Macroplata

󰃭 2026-04-12

Writeup macroplata - GMO_Goat - FCSC2026

Introduction

Macroplata : Just WHY man ? was my first reaction to this challenge… I usually don’t really like challenges with a lot of code :-) Soooo, basically there are 3 KEMS and some sort of TAG/authentification thing, my first instinct was : I’m NOT looking into the details of the KEMs before I have something on the actual thing that we’re supposed to to which is: forging a tag.

All that we need to do is an existencial forgery from a tag with known plaintext…

The tagging

The tagging mecanism is basically a recursive AES enc with a few twists depending on the … block padding ? I hope ANSSI didn’t mean to change KEM depending on the padding when they recommened hybrid solutions :-)

Well let’s consider a seqences of 16 bytes blocks (meaning all of them are 16 bytes so don’t need padding), $b_1, \cdots, b_n$, then the tag is of the form:

$$T(b_1, \cdots, b_n) = E_{K_0}\left(E_{K_0}\left(\cdots E_{K_0}\left(E_{K_0}\left(b_1\right) \oplus b_2\right) \cdots\right) \oplus b_n \oplus K_1\right)$$

And particular the known tag is exactly $32$-bytes so is of the form:

$T_0 = T(k_1, k_2 ) = E_{K_0} \left( E_{K_0} \left( k_1\right) \oplus k_2 \oplus K_1\right)$

Where $E_{K_0}$ is AES-ECB with key $K_0$ and $K_1$ is the key to the lattice KEM. Note that to win we can forge a tag of ANY length…

The KEMs

Well since the key to the AES seem to be the most important let’s look at the EC-KEM that derives it… Well its called ECElGamalKEM but it looks more like ECDH and … seems pretty secure. No luck here…

I didn’t really want to look at the lattice KEM too fast as it’s a LOT of code (Maybe I should have in retrospective hum hum…), so I thought that maybe I should look at the RSA KEM. The RSA KEM was SO simples that I was also convinced it had no real vulnerability.

BUT I SILL didn’t want to look at the lattice KEM until I actually find a forgery that requires only $K_1$ so I did that.

The forgery

We don’t know a lot… we know $k_1, k_2, T_0$ and possibly $K_1$ soooo what can we do.
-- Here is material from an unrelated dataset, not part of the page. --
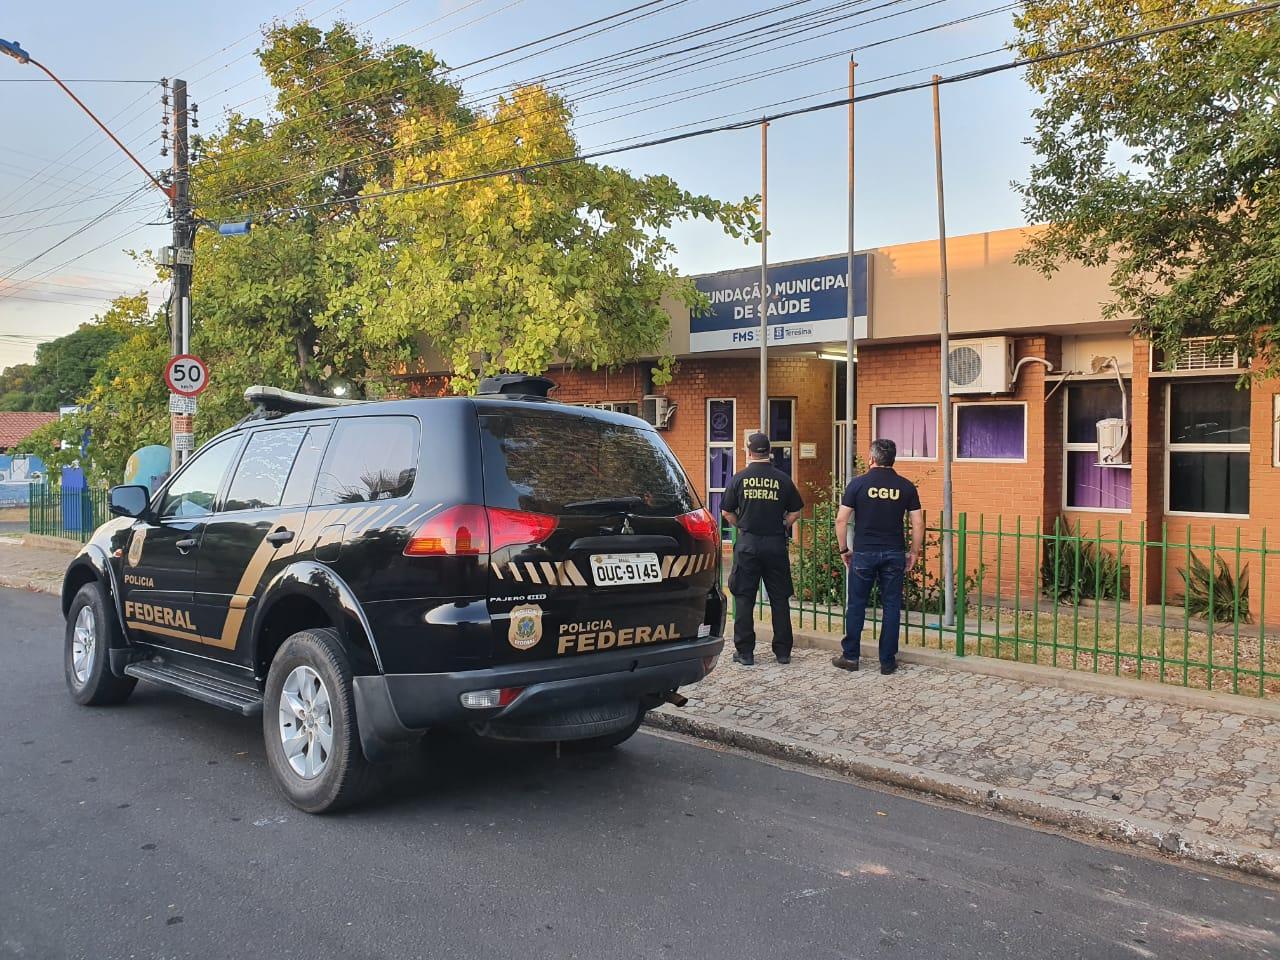 Polícia Federal realiza operação na Fundação Municipal de Saúde

Well if we don’t want to involve $K_2$ we need full size blocks. So here I proceeded iterativly:

Can I forge a TAG for one block ?

$T(b_1) = E_{K_0}(b_1 \oplus K_1)$, since I only know one encryption with $K_0$ then necessarly I need that $b_1 \oplus K_1 = E_{K_0} \left( k_1\right) \oplus b_2 \oplus K_1$ which is equivalent to $b_1 \oplus b_2 = E_{K_0} \left( k_1\right)$, unfortunatly, there is NO WAY I get my hands on $E_{K_0} \left( k_1\right)$…

Can I forge a TAG for two blocks ?

Well I didn’t really try, since I assumed it would basically be the same as the given tag, maybe I’m wrong ?

Can I forge a TAG for three blocks ?

Same process : $T(b_1, b_2, b_3) = E_{K_0} \left( E_{K_0} \left( E_{K_0} \left( b_1\right) \oplus b_2\right) \oplus b_3 \oplus K_1\right)$ … I didn’t succeed but I felt like with a little more degree of freedom I could do it…

Can I forge a TAG for four blocks ?

$T(b_1, b_2, b_3, b_4) = E_{K_0}( E_{K_0}( E_{K_0}( E_{K_0}( b_1) \oplus b_2) \oplus b_3) \oplus b_4 \oplus K_1)$

As before, I’m forced to take $b_4 = k_2$ and $E_{K_0}( E_{K_0}( b_1) \oplus b_2) \oplus b_3 = b_1$ since it’s the only way that I can match the given tag, I get:

$$T_0 = T(E_{K_0}( E_{K_0}( b_1) \oplus b_2) \oplus b_3, b_2, b_3, k_2)$$

and applying the same logic, I’m forced to take: $b_1 \oplus b_3 = T_0$ and $b_2 = k_2 \oplus K_1$ which gives:

$$T_0 = T(E_{K_0}( E_{K_0}( b_1) \oplus k_2 \oplus K_1) \oplus b_1 \oplus T_0 , k_2 \oplus K_1, b_1 \oplus T_0, k_2)$$

and clearly, now we want $b_1 = k_1$ which simplifies evrything to:

$$T_0 = T(k_1, k_2 \oplus K_1, b_1 \oplus T_0, k_2)$$

Just find $K_1$

Well, let’s just say I just printed $v$ from the lattice KEM, was met with:

[27967643, 27967643, 27967643, 27967643, 11189146, 11189146, 27967643, 11189146, 27967643, 11189146, 27967643, 27967643, 11189146, 11189146, 11189146, 11189146, 11189146, 27967643, ...]Z

Note that for this part I was SOOO lazy in my solve that i randomly pick one of the values to be $0$ and the other to be $1$ so the final solve works half the time.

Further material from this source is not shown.